Lord Crofton's vision blurred and the gun trembled in his hand. A knock on the door steadied his nerve. He took aim at Michael.

"Lord Crofton, are you alright?" came a voice through the door.

"Connor... Please come in and join us."

Connor came in, closed his eyes and pinched his nose. He froze when he blinked and saw Michael.

Lord Crofton cackled again. "Come in. Come in, Connor. We're all one happy family now and take your hand away from your nose. You're insulting us."

He turned back to Michael as Connor dropped his hand and gasped. "You see, Connor had a simple job: make sure the veranda door is unlocked. But could he do that?" He shook his head. "No. It's so hard to get good help, isn't that right, Alex?"

Connor and Michael gaped at each other and then back at Lord Crofton.

"Michael, you're wondering who did unlock it, right? Well me, of course, and probably just before you got here. We figured it might be too much for Connor. Choosing sides is such a problem in this country."

Michael swallowed and then spoke up. "So you knew all along."

Lord Crofton giggled. "That's another problem in this country. Too much talk. Nobody can keep a secret."

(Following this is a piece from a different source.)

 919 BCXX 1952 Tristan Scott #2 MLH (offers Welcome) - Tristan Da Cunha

"So what are you going to do with us?"

"Nothing. You came to burn the place down, so get on with it. Connor, make sure everyone gets out." He glanced up at the ceiling. "You never know if someone's taking advantage of a house full of empty bedrooms." He shook his head and then glared at Connor. "Can you manage that or will I have to do that as well?"

"No, me Lord."

"Well don't just stand there, get on with it, man." Connor bobbed his head and ran out the door.

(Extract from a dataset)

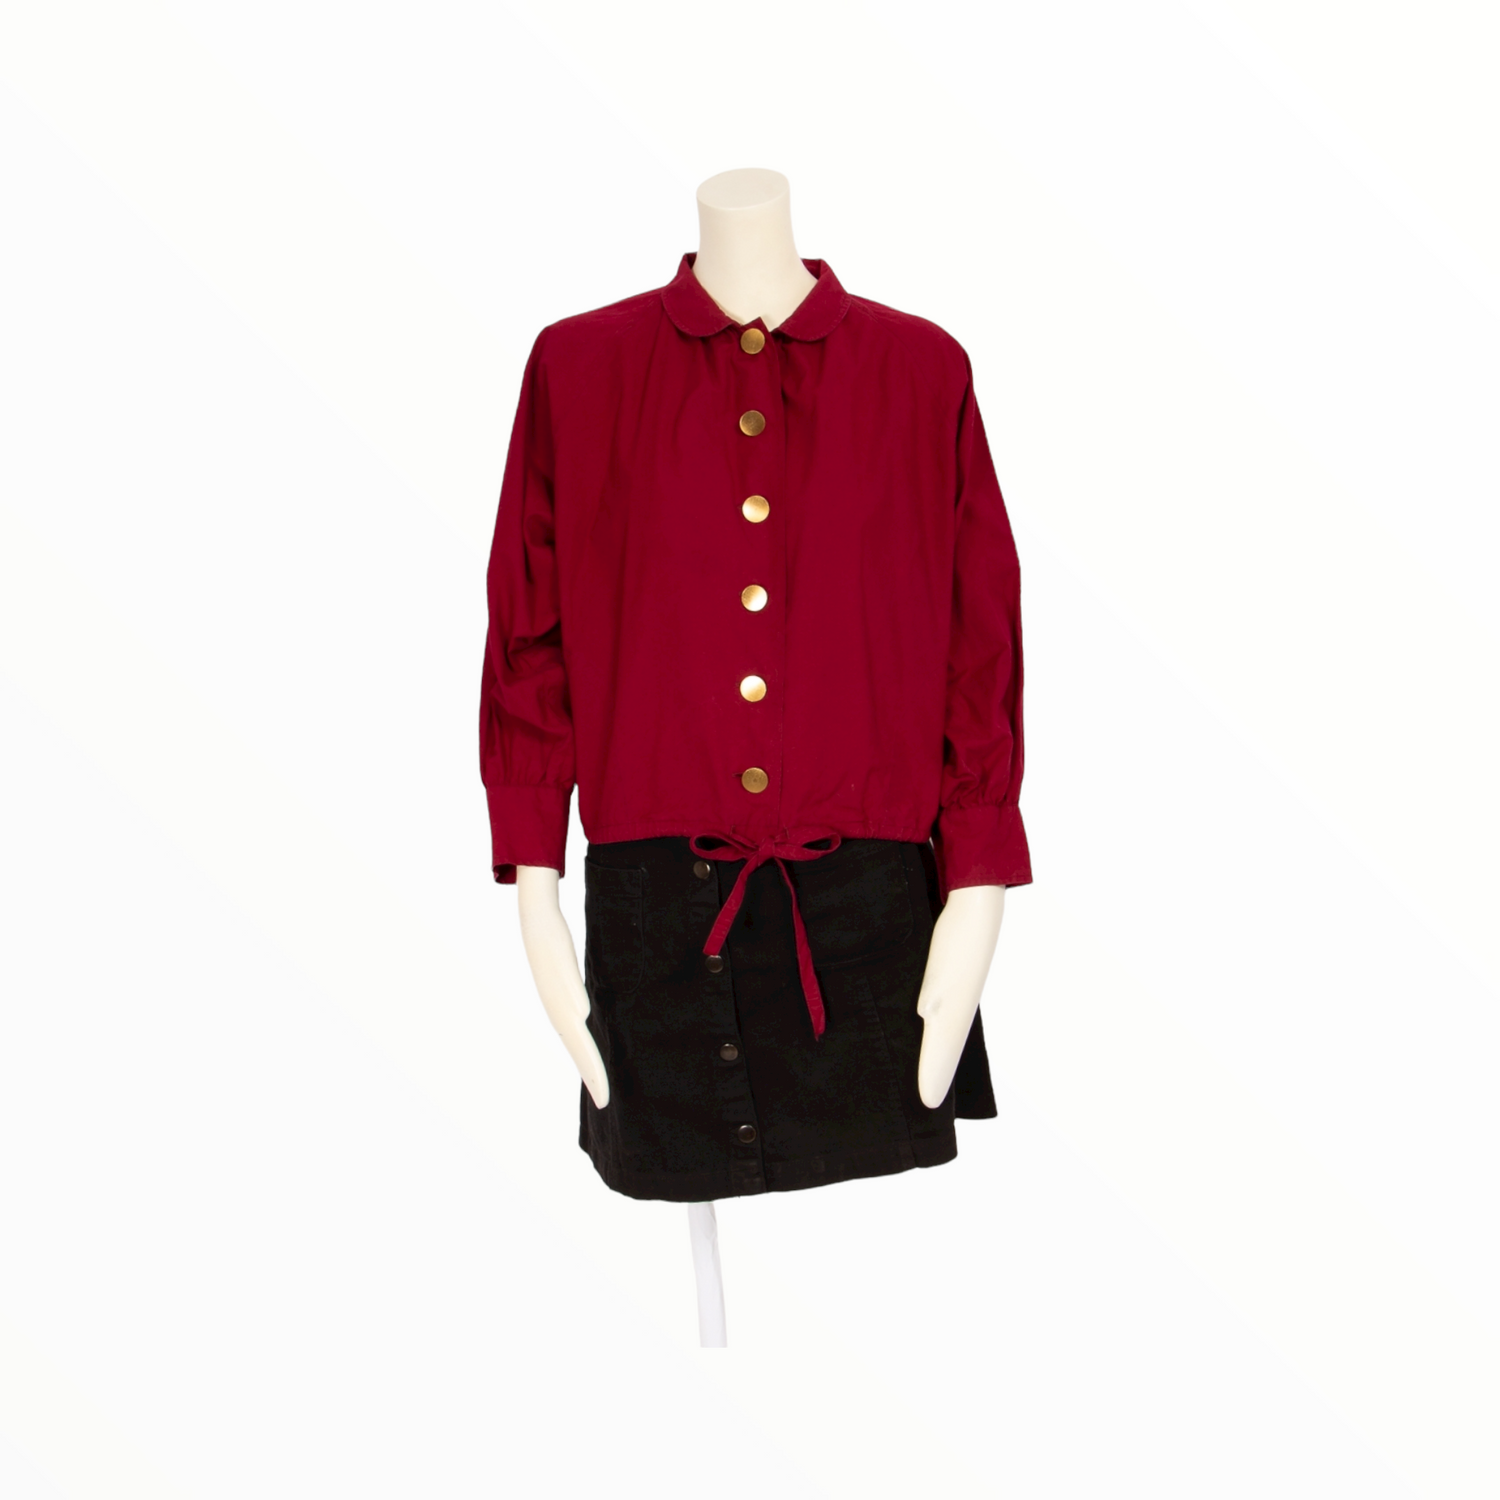 Saint Laurent Rive Gauche vintage burgundy jacket - S - 1970s

Michael stood as though he had taken root. Lord Crofton sighed and put the pistol down.

"I have no intention of shooting you. Just spread the oil and start your fire" He smelled smoke and then smiled. "I believe your colleagues have already started their own."

Lord Crofton hummed while Michael soaked the furnishings and drapes and then shattered the cask, a puddle of oil forming around it. He lit a saturated rag and threw it onto the spreading pool. It flared into a wall of flame. Lord Crofton chortled at the intensity of the heat and watched Alexandra dance in the flames. Michael ran to the door but paused to look back.

"And you?"

Lord Crofton giggled and put the pistol to his head. "I'm off to apologise to your Mother and Maggie."

Michael gasped, then ran.

"I'll see you on the other side, Alex," he cried as he pulled the trigger.

Four figures emerged from a raging inferno, crossed the lawn and disappeared into the thicket of rhododendron as the winters evening sky was lit up in a spectacular display. Those first on hand to lend assistance were too late. Flames reached out from the windows to the open sky. A brilliant crest of fire rose through the roof in an awesome glow. Slowly the roof collapsed into the house in a cascade of sparks, the windows lit up with orange light, like a jack-o-lantern on all hallows eve.